When the two Mikes and I thought about opening an agency, we thought we’d give it a trial run first.
Mike Greenlees briefed me to do a pitch on Holsten Export.
I did a TV campaign and showed it to Mike.
He said “This is really good example of the sort of work everyone is doing for beer right now. I’ll have no trouble selling this. But it doesn’t frighten me. I’m not thinking ‘How the hell am I going to sell it?’ Can’t you do something like that, something that scares me?”
I could have kissed him.
Right there I wanted to open an agency and work with this guy.
So we did.
And the work I subsequently did won the pitch too.
And lots of awards.
Now let’s look behind that story to the relationship between creatives and suits.
I would never admit it, but in my heart of hearts I knew the work I had done the first time was boring.
I was even a bit embarrassed about it.
But like any creative I can’t admit that, even to myself.
What Mike could have said, which would have been equally true, is “This work is dull. It’s what everyone else is doing. Can’t you do anything a bit more exciting than that? Is that the best you can do?”
That would have been equally true, but it wouldn’t have been very likely to get the result Mike wanted.
I’d have said “Fuck off” and stormed out.
Mike didn’t say that, he didn’t put me down.
He gave me a challenge that no creative guy could resist “Can’t you scare me?”
Suddenly, instead of being deflated I’m excited, thrilled.
I can’t wait to start work on a new campaign.
Mike is doing what all the very best account men do for creatives.
He’s making me believe I’m better than I am.

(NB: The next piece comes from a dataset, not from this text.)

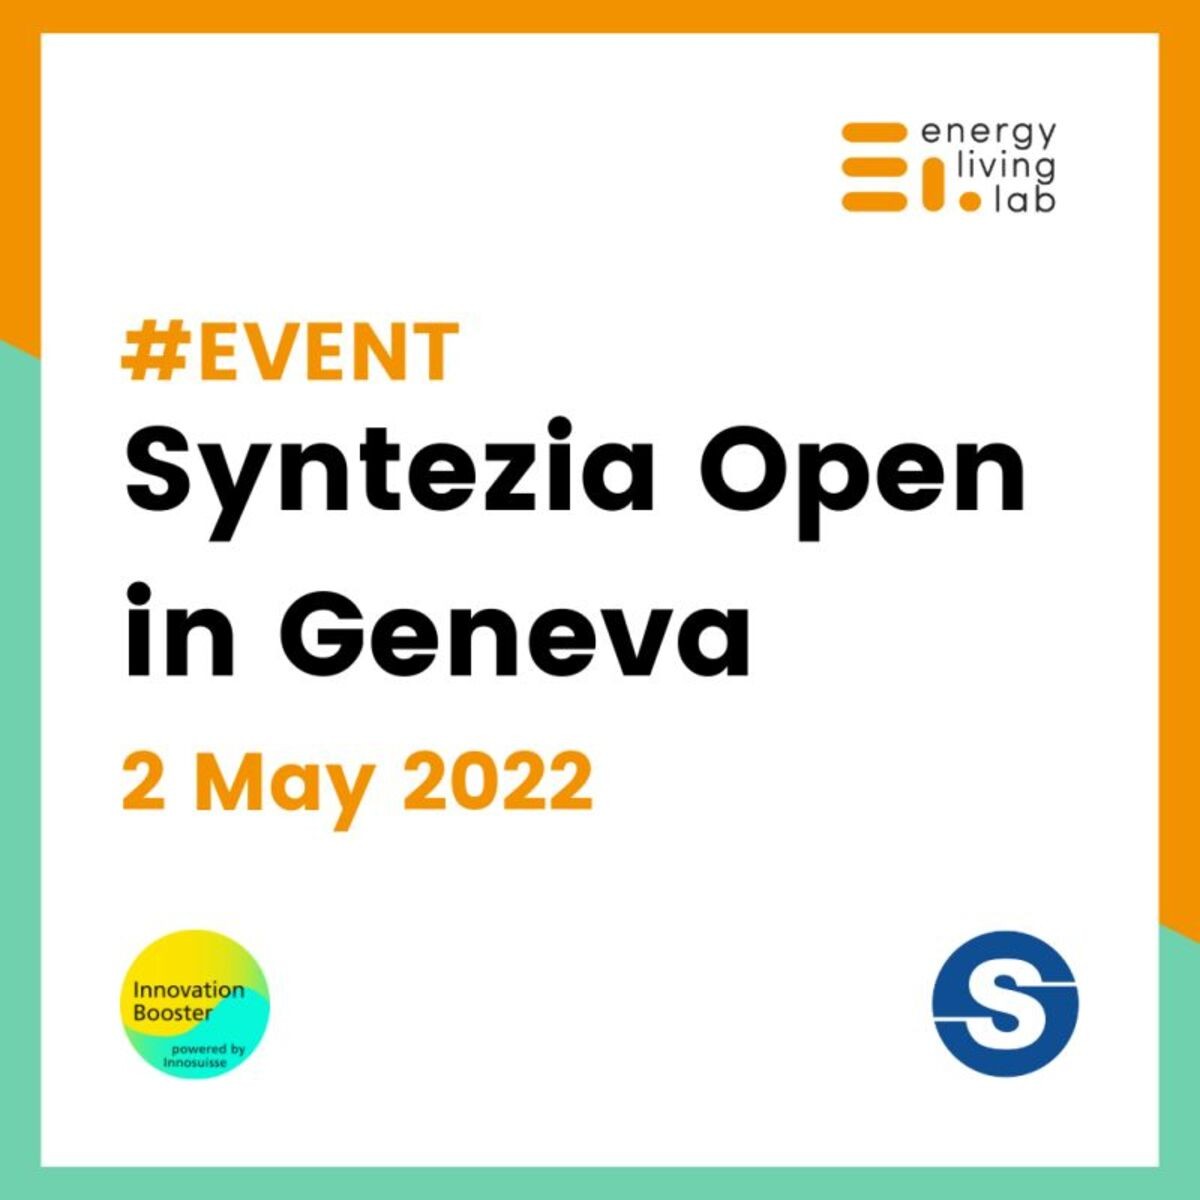 Syntezia Open à Genève le 2 mai prochain

Exactly what the very best football managers do for their players.
He’s making me play at the top of my game.
Most account men, clients, creative directors, planners can’t do that.
They think it’s their job to be a ball and chain.
To hold the creatives back.
To reign them in and curb their worst excesses.
They would never dare to say “Shock me” to a creative.
They’d be terrified of losing control.
One of the main reasons CDP was the best agency in London (if not the world) for two decades was Frank Lowe.
Frank was the CEO and a suit, but he was like Alex Ferguson to the creatives.
He didn’t expect you to play down to a safe, easy to sell, level.
He expected you to be amazing, outrageous, surprising.
Don’t bring him anything that wasn’t frighteningly good.
And the better it was, the harder it was to sell.
And Frank knew only the best suits could sell it.
And Frank (like Mike Greenlees, or Tim Bell at Saatchi’s) knew he was one of the best.
The worst crime wasn’t to be wrong.
The worst crime was to be dull.
That’s largely what’s happened to advertising nowadays.
We work down to the level of what the suits/planners can easily sell.
Down to the level of what clients can easily buy.
We do work that’s predictable, comfortable, unchallenging.
So that’s what runs.
Just like the campaign I did before Mike said “Scare me”.
The creatives make the great work.
But the suits make the creatives make the great work.